The AIHW Disease Expenditure Database

The main source of information for this web report is the AIHW’s Disease Expenditure Database. It provides a broad picture of the use of health system resources classified by disease groups and conditions, and is a reference point for planners and researchers interested in costs and use patterns for particular diseases.

Generally, the methods used for estimating disease expenditure is a mixture of ‘top-down’ and ‘bottom-up’ approaches, where total expenditure across the health system is estimated and then allocated to the relevant conditions based on the available service use data. An advantage of this approach is that it yields consistency, good coverage and totals that add up to known expenditure but it is not as comprehensive for any specific disease as a detailed ‘bottom-up’ analysis, which would include the actual costs incurred for that disease. In most cases, however, a lack of amenable data sources means that a more granular ‘bottom-up’ analysis is not possible.

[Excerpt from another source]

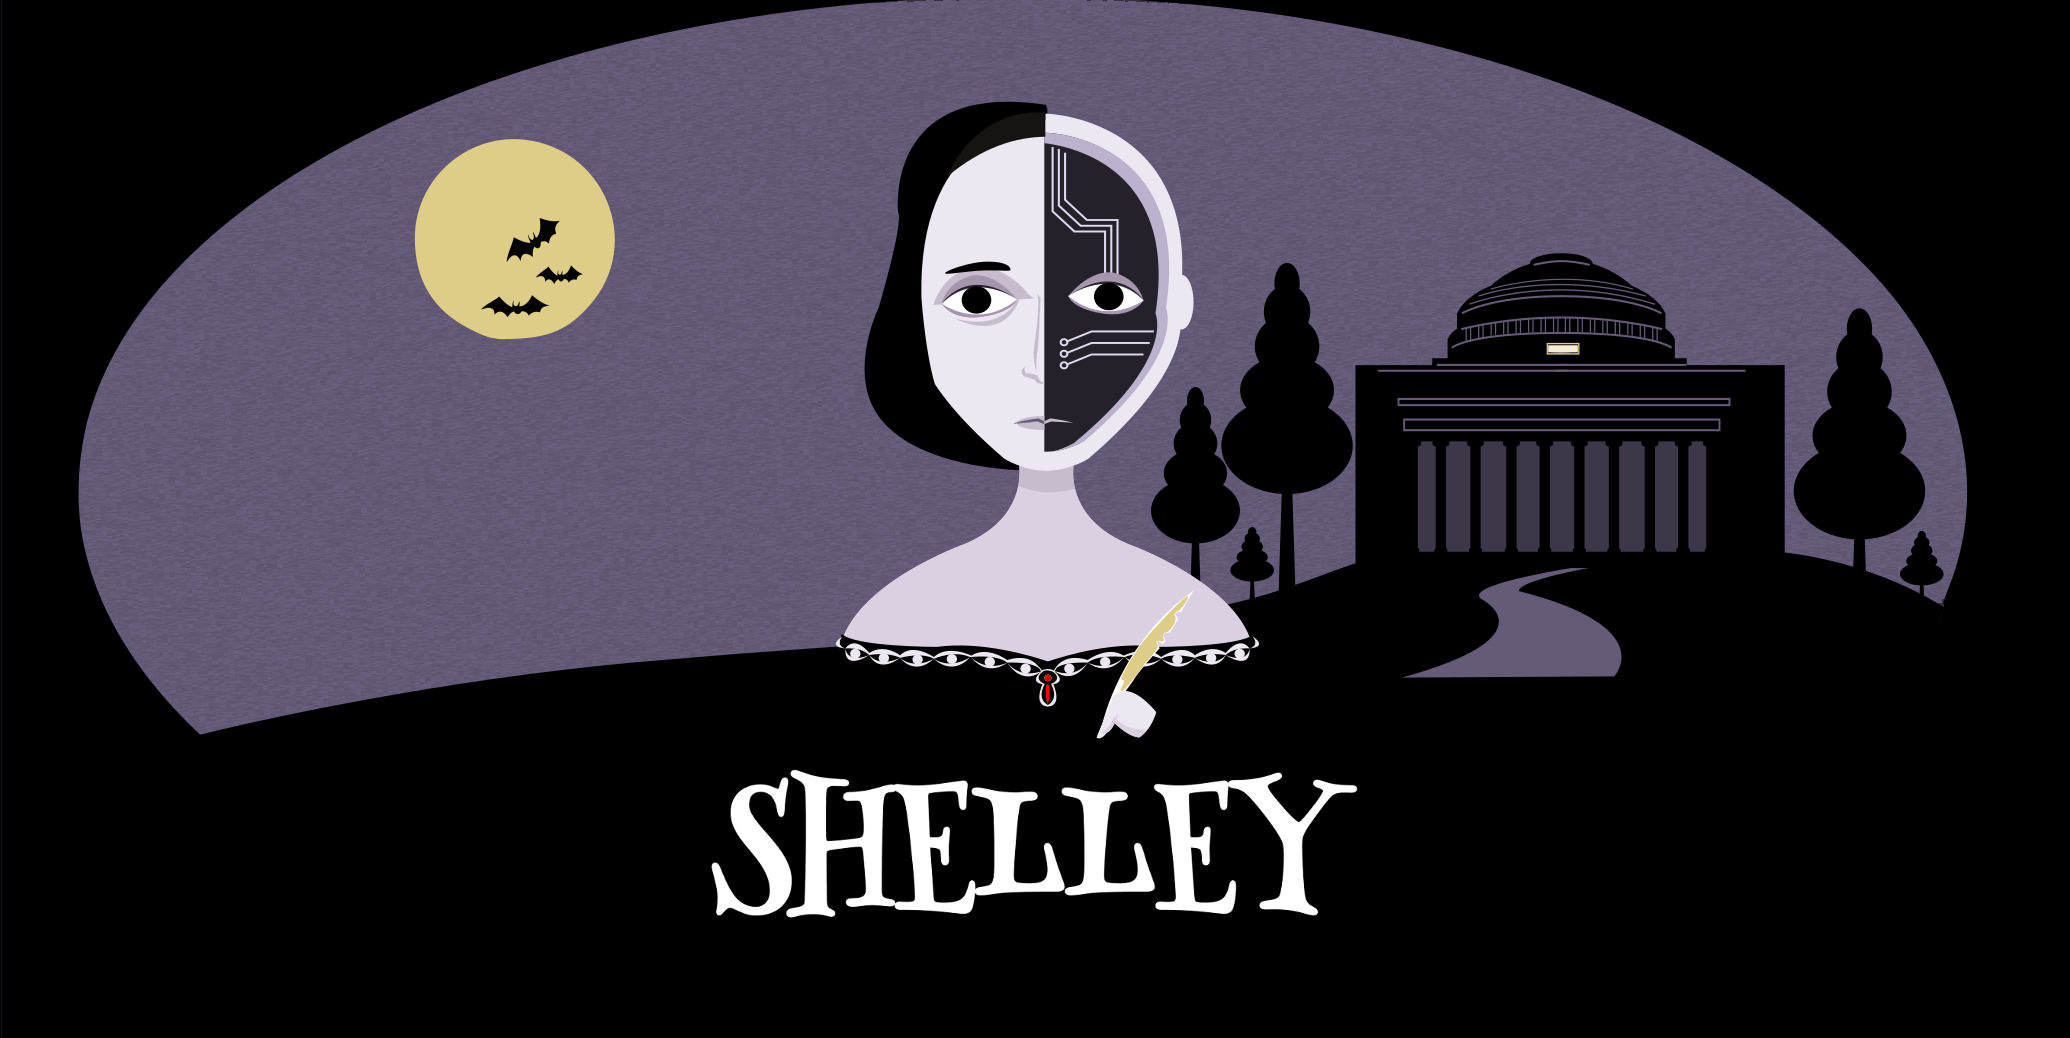 shelley_cover.jpg

Estimates in the Disease Expenditure Database have been derived by combining information from the:

  • National Hospital Morbidity Database (NHMD),
  • National Public Hospitals Establishments Database (NPHED),
  • National Non-admitted Patient Emergency Department Care Database (NNAPEDC),
  • National Non-admitted Patient Databases (aggregate, NAPAGG, and unit record, NAPUR),
  • National Hospital Costs Data Collection (NHCDC),
  • Private Hospital Data Bureau (PHDB) collection,
  • Bettering the Evaluation and Care of Health (BEACH) survey,
  • Health Expenditure Database.

The Disease Expenditure Database contains estimates of expenditure by Australian Burden of Disease Study condition, age group, and sex for admitted patient, emergency department, and outpatient hospital services, out-of-hospital medical services, and prescription pharmaceuticals. It is not technically appropriate or feasible to allocate all expenditure on health goods and services by disease. For example, neither administration expenditure nor capital expenditure can be meaningfully attributed to any particular condition due to their nature.

Funding for these health-care sectors comes from both government and non-government sources (including private health insurance and individuals).

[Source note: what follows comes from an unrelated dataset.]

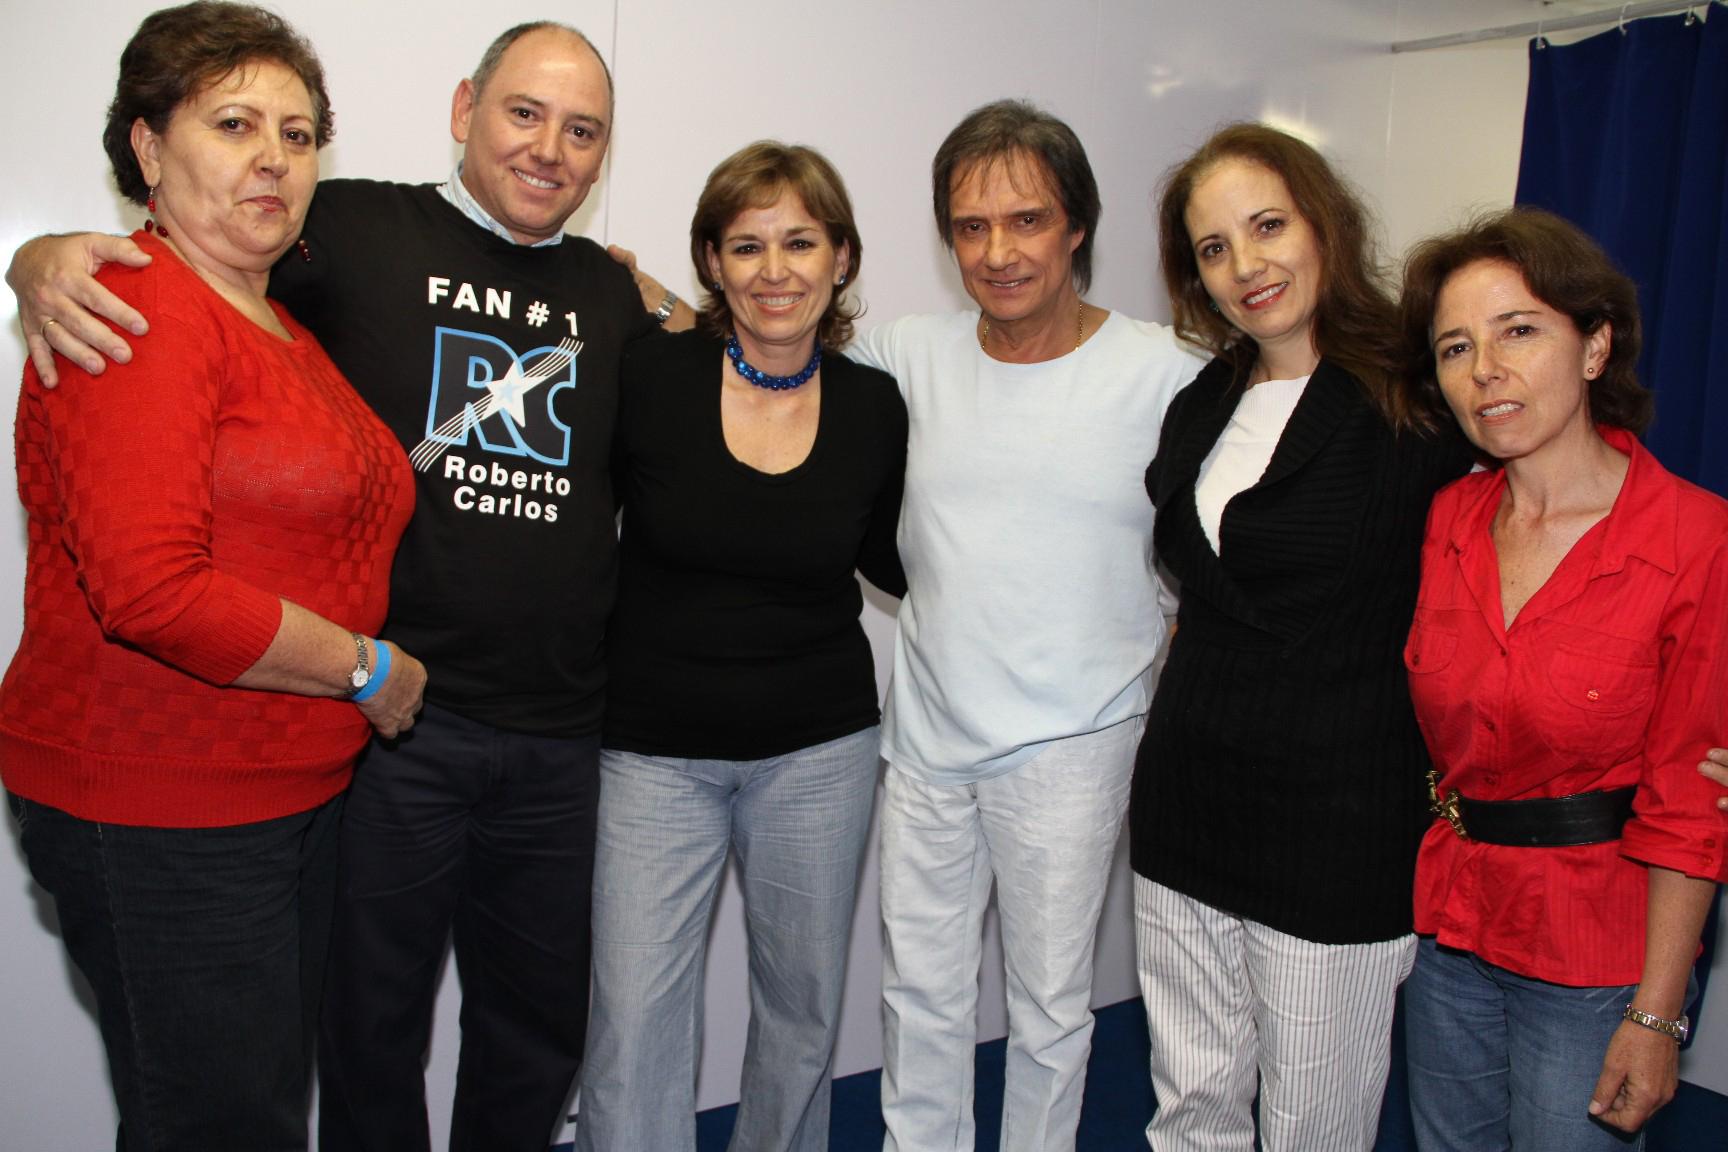 Raul Ospina

The AIHW is continually seeking to improve the methods used to produce these estimates. As a consequence, disease expenditure estimates are subject to revision and the most recently published results are not directly comparable with previously published data.

A detailed methods report, Disease Expenditure 2015–16 Study: Overview of analysis and methodology, is available to download. It provides further information regarding analytical and estimation methods, and aspects of the quality of the data being reported by the AIHW and is included to help readers understand the limitations of the data and make informed judgements about their use.